Secara sosial, cerita ini mengangkat masalah peran gender dan persaingan di antara para wanita. Obsesi Nyonya X terhadap kesetiaan suaminya mencerminkan ekspektasi masyarakat terhadap perempuan untuk memprioritaskan hubungan pernikahan mereka. Pernyataan sarkastik Nyonya X, “You can’t make conquests yourself, but you can steal away that love from others!” (hal. 4), menyoroti persepsinya terhadap Nyonya Y sebagai sebuah ancaman. Saya merasa keberatan dengan narasi yang mengatakan stereotip perempuan sebagai musuh bagi laki-laki. Ketegangan yang tidak terselesaikan ini membuat saya fokus pada konflik internal Nyonya X, bukan pada persaingannya. Karya ini mengingatkan saya dengan pengalaman pribadi saya tentang persaingan dan refleksi diri. Kesadaran Nyonya X bahwa identitasnya telah dibentuk oleh Nyonya Y mengingatkan saya pada saat-saat ketika saya secara tidak sengaja mengadopsi sifat atau preferensi dari orang-orang di sekitar saya. Drama ini membangkitkan kenangan tentang mempertanyakan jatidiri saya dan mendapatkan kembali aspek-aspek diri saya yang terasa benar-benar “milik saya”.

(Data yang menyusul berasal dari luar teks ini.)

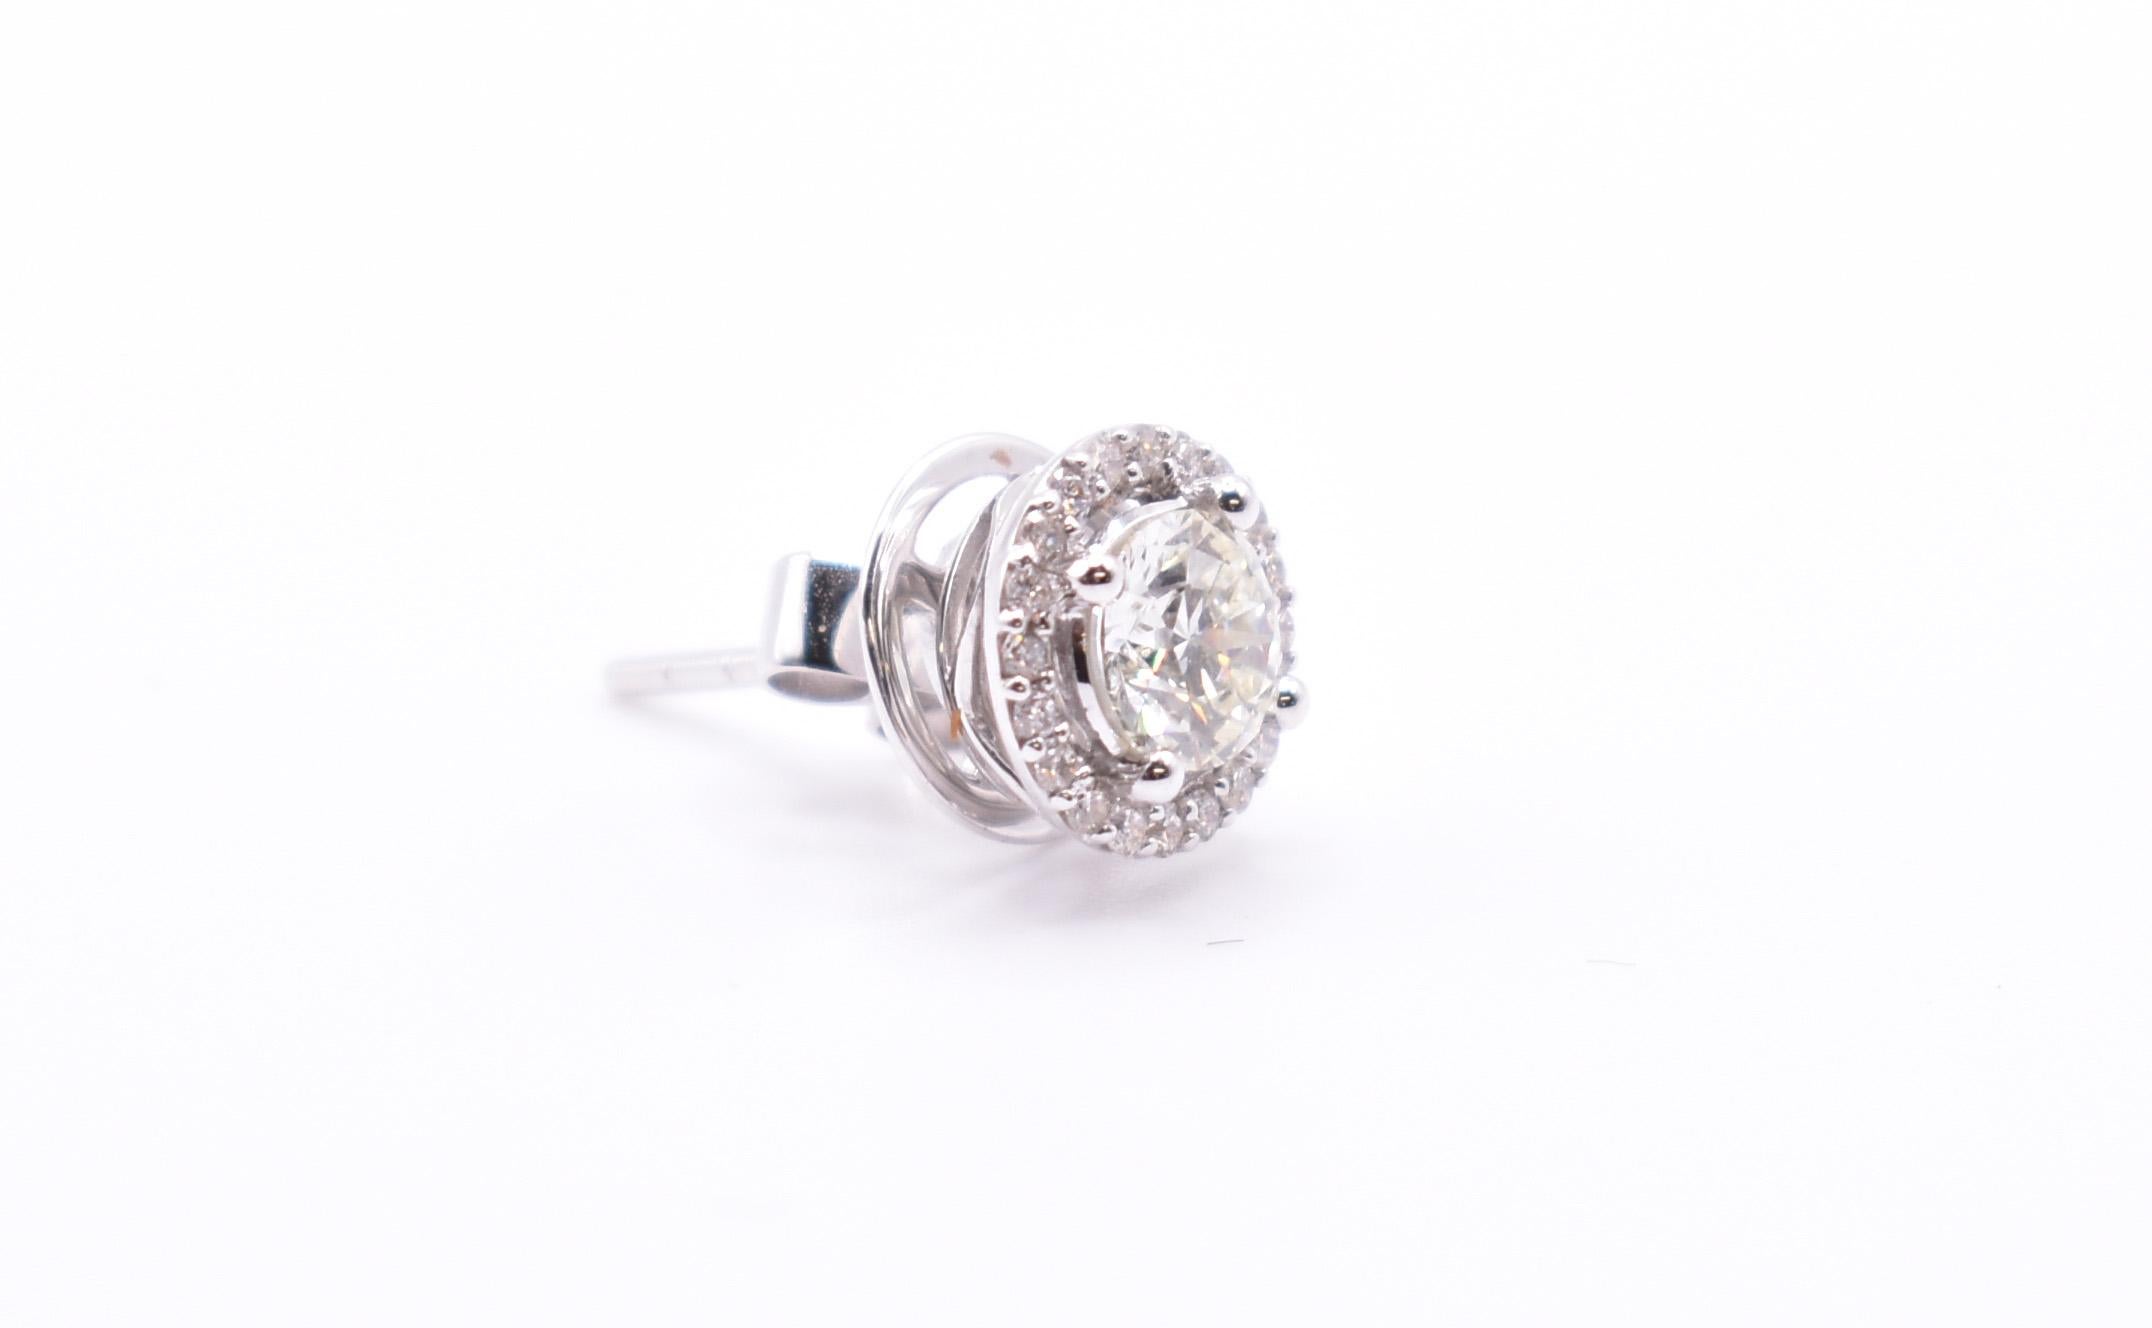 Pair of 18k White Gold 1.18 Carat Diamond Halo Stud Earrings In New Condition For Sale In Chelmsford, GB

Terakhir, pesan dari cerita The Stronger berkisar pada keluwesan identitas dan kekuatan perspektif. Filosofi yang digunakan Strindberg menunjukkan bahwa kekuatan tidak terletak pada validasi eksternal, melainkan pada kesadaran dan penerimaan diri. Meskipun saya mengagumi tekad Nyonya X untuk mendapatkan kembali jati dirinya, perbandingan dan keraguan yang terus menerus membuat pernyataannya tentang kekuatan tampak rapuh. Dualitas ini membuat saya memikirkan kembali sifat kekuatan yang sebenarnya, apakah itu dalam keheningan Nyonya Y atau pernyataan vokal Nyonya X.